Brillhart v. Edison Light & Power Co.

Dissenting Opinion by

Mr. Justice Bell:

The degree of care required by the majority opinion imposes too great, too unreasonable, and too impractical a burden upon the defendant. This case is ruled in principle in favor of the defendant by O’Gara v. Philadelphia Electric Company, 244 Pa. 156, 90 A. 529. In that case the electric company had its uninsulated electric wires 8 or 10 feet above the sidewalk where children played. A seven year old boy climbed a pole supporting an awning and while walking along this horizontal- pole came in contact with the uninsulated wire. The entry of a judgment n.o.v. was affirmed by this Court on the ground that the electric company had maintained its wires at a height inaccessible by anyone in the ordinary or usual use of the sidewalk and it was bound to guard against only the ordinary and usual use of the premises. Neither the boy nor anyone lawfully in proximity to defendant’s wires was likely to come in contact with them.

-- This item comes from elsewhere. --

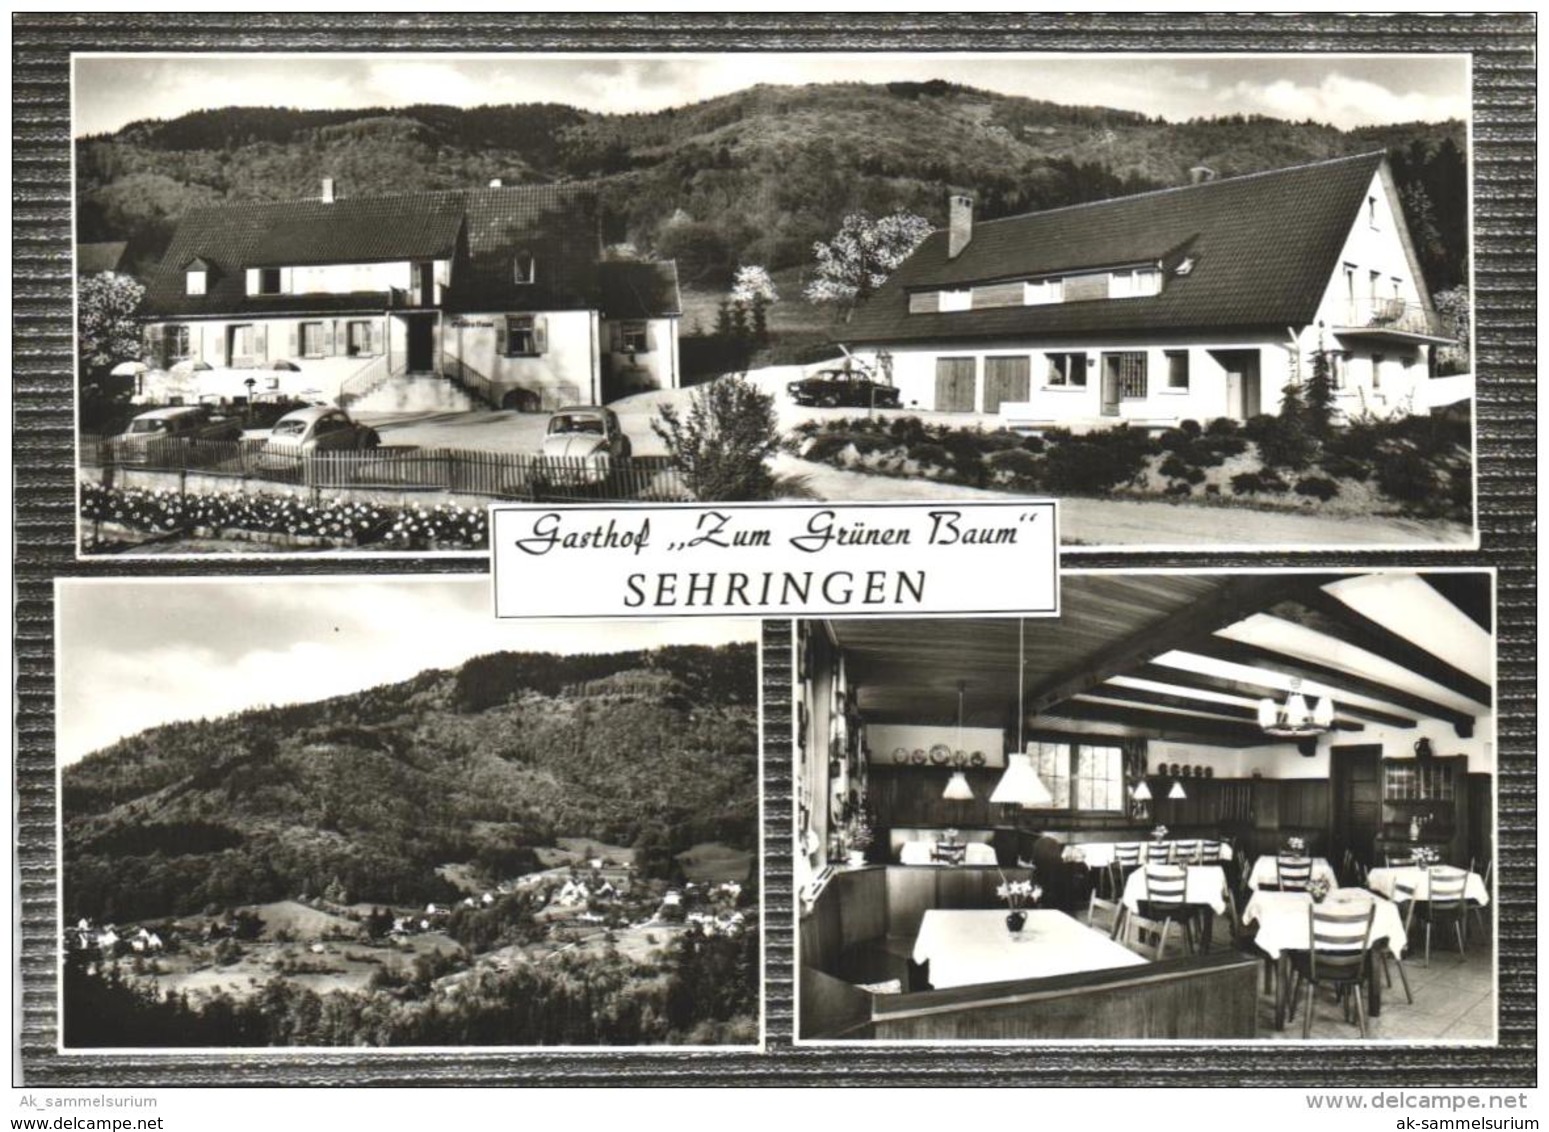 Sehringen / Badenweiler (D-A228) - Badenweiler

Moreover, the majority neglected to mention in its opinion two very important facts: (1) the decedent knew exactly where the defendant’s wires were strung when he entered the pump-house; (2) The nearest wire was not only 10% feet above the pump-house roof, hut *317was 5 feet horizontally away from the hatch or opening in the pump-house roof, and if the decedent had not negligently let his pipe fall a distance of 5 feet into defendant’s wire, the accident would never have happened.

For these reasons I would enter judgment for the defendant non obstante veredicto.